TL;DR
- Ampere-architecture data centre GPU (GA100, TSMC 7N, 54 billion transistors) launched at GTC May 2020 — the silicon behind GPT-3, Megatron-LM, BLOOM, Llama 1/2, and the entire first generation of Stable Diffusion. Still the dominant non-Hopper SKU on hyperscalers and neoclouds in 2026 because its software stack is the deepest on the planet.
- Two memory tiers: 40 GB HBM2 at 1.55 TB/s (launch) and 80 GB HBM2e at 2.0 TB/s (Q4 2021 refresh). Two form factors: SXM4 (400 W, NVLink-attached, fills HGX-A100 baseboards and AWS p4d/p4de, GCP a2-ultragpu) and PCIe Gen4 (250-300 W, drop-in for retrofit servers).

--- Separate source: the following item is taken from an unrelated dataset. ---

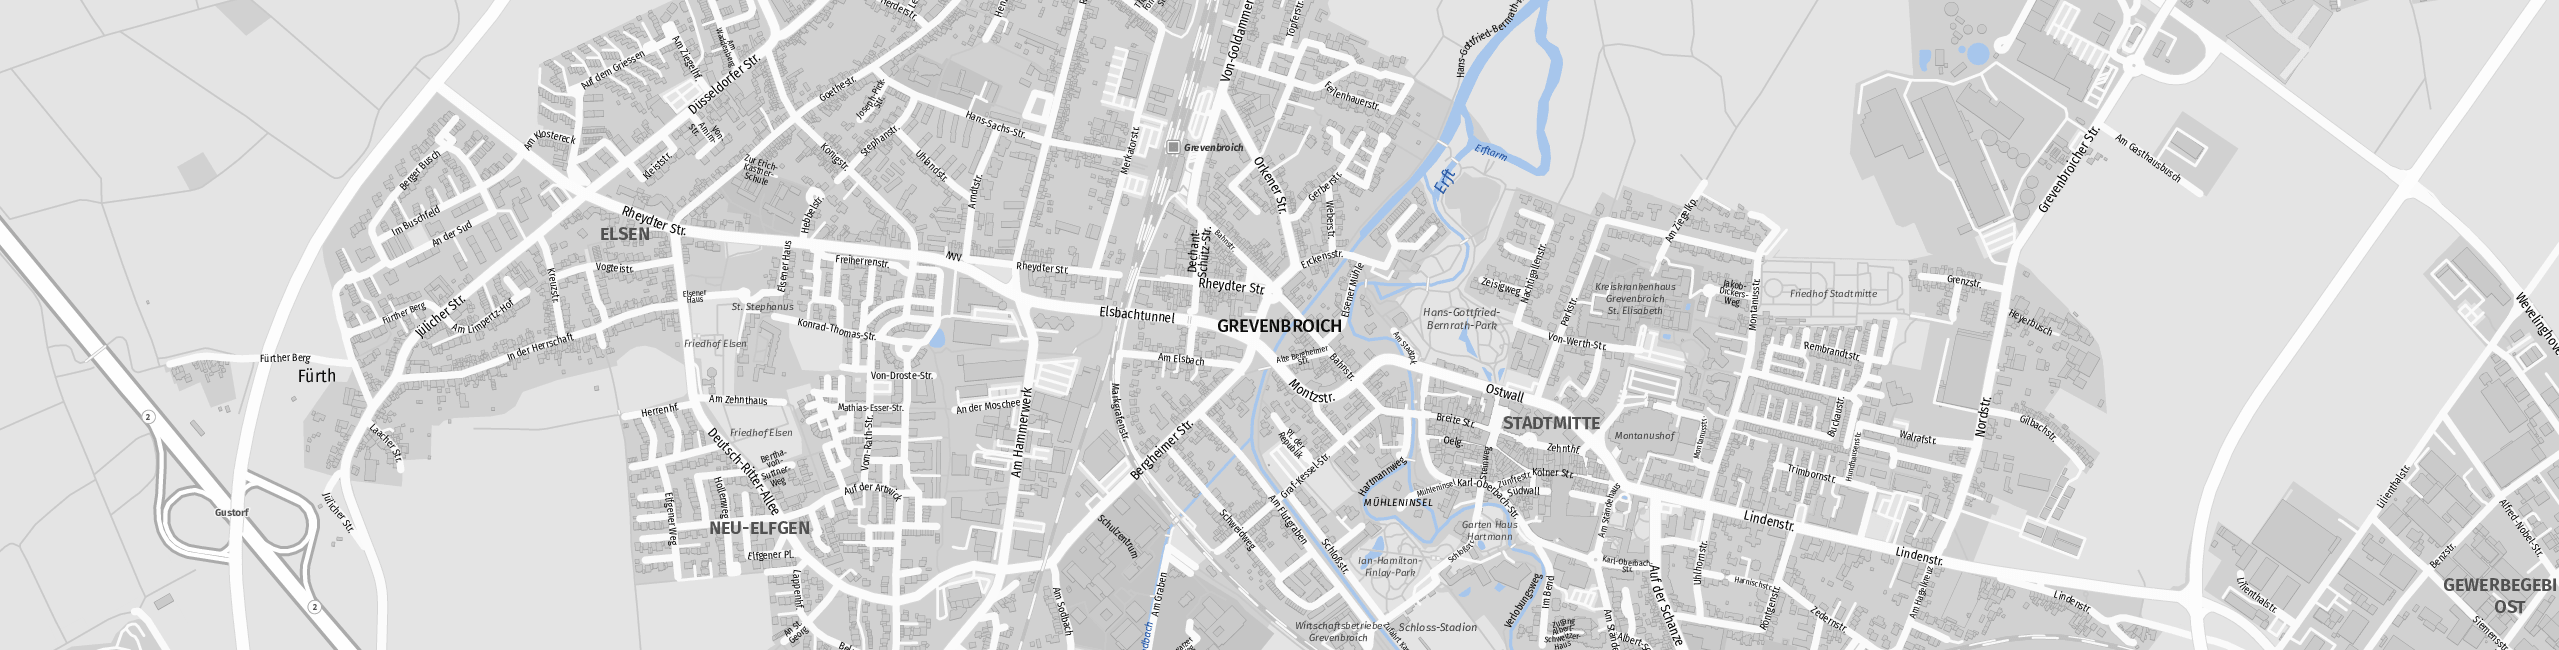 Stadtplan Grevenbroich zum Downloaden.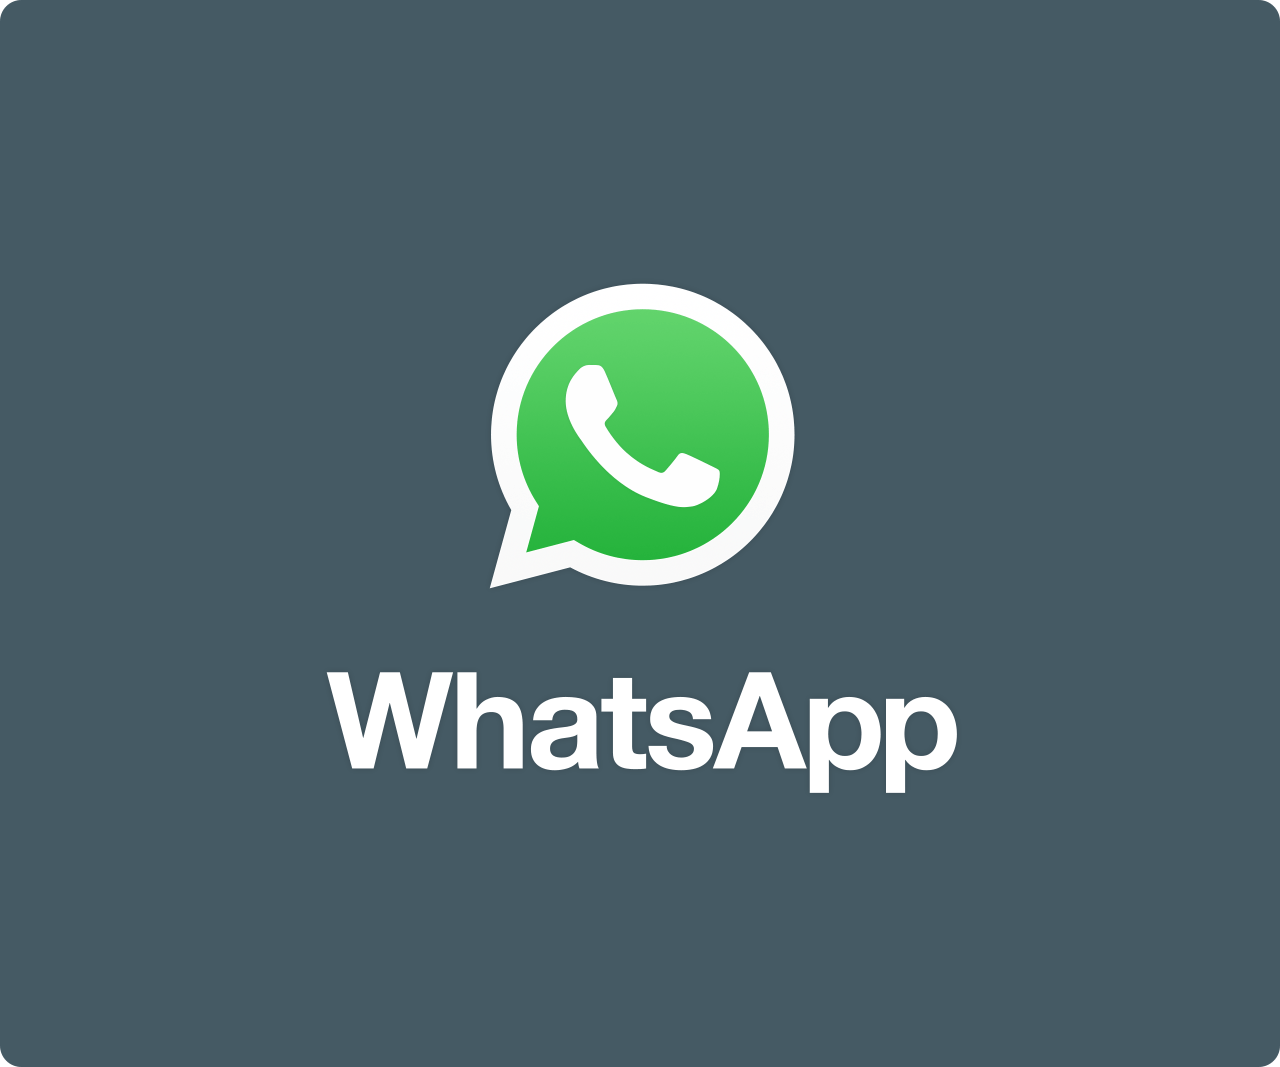 General Mobile App Logo - WhatsApp Brand Resources

- Third-generation Tensor Core: 312 TFLOPS TF32, 624 TFLOPS BF16/FP16 (2:4 sparse), 1,248 TOPS INT8 — no FP8 (Hopper-only), no FP4 (Blackwell-only). MIG generation 1 partitions a single card into up to 7 hardware-isolated slices with dedicated SMs, L2 and HBM bandwidth.
- NVLink 3.0 at 600 GB/s per GPU and six NVSwitch chips per HGX baseboard give an 8-GPU non-blocking all-to-all fabric — but A100 predates NVLink Switch System, so multi-node training crosses InfiniBand HDR/NDR and looks like discrete 8-GPU islands.
- Pricing in 2026: on-demand $1.80-$2.25 / GPU-hr at hyperscalers, $1.10-$1.40 1-year reserved, $0.85-$1.10 3-year, $0.65-$0.90 spot. Cost-per-million-output-tokens for Llama 3.1 8B FP16: roughly $0.75 — competitive with L40S, cheaper than H100 on small-model serving.
Overview#
The A100 is the GPU that catalysed the modern LLM era. Announced at GTC in May 2020 and shipping in volume through 2024, it pairs the Ampere GA100 die (54 billion transistors on TSMC's 7nm 'N7' process, marketed as 7N) with HBM2/HBM2e memory and the third-generation Tensor Core. Every named model on the early frontier — GPT-3, Megatron-LM, BLOOM, the first three generations of Llama, the original Stable Diffusion, the first internal Anthropic and OpenAI training runs — was trained on A100 clusters. By the time Hopper arrived in volume in 2023, an entire industry had been built on Ampere assumptions.
Six years on, A100 has aged into the workhorse middle tier of the AI compute stack. It is no longer the right choice for frontier training (no FP8 Transformer Engine, no NVLink Switch System scale-out beyond 8 GPUs) or for memory-pressured inference (80 GB and 2.0 TB/s have been outclassed by H200's 141 GB and 4.8 TB/s, and B200's 192 GB at 8 TB/s). What it does have is the deepest software stack of any AI accelerator NVIDIA ships, a fully amortised capital base across every hyperscaler and neocloud, and a hardware MIG model that makes it the cleanest multi-tenant inference card under 70B in production today.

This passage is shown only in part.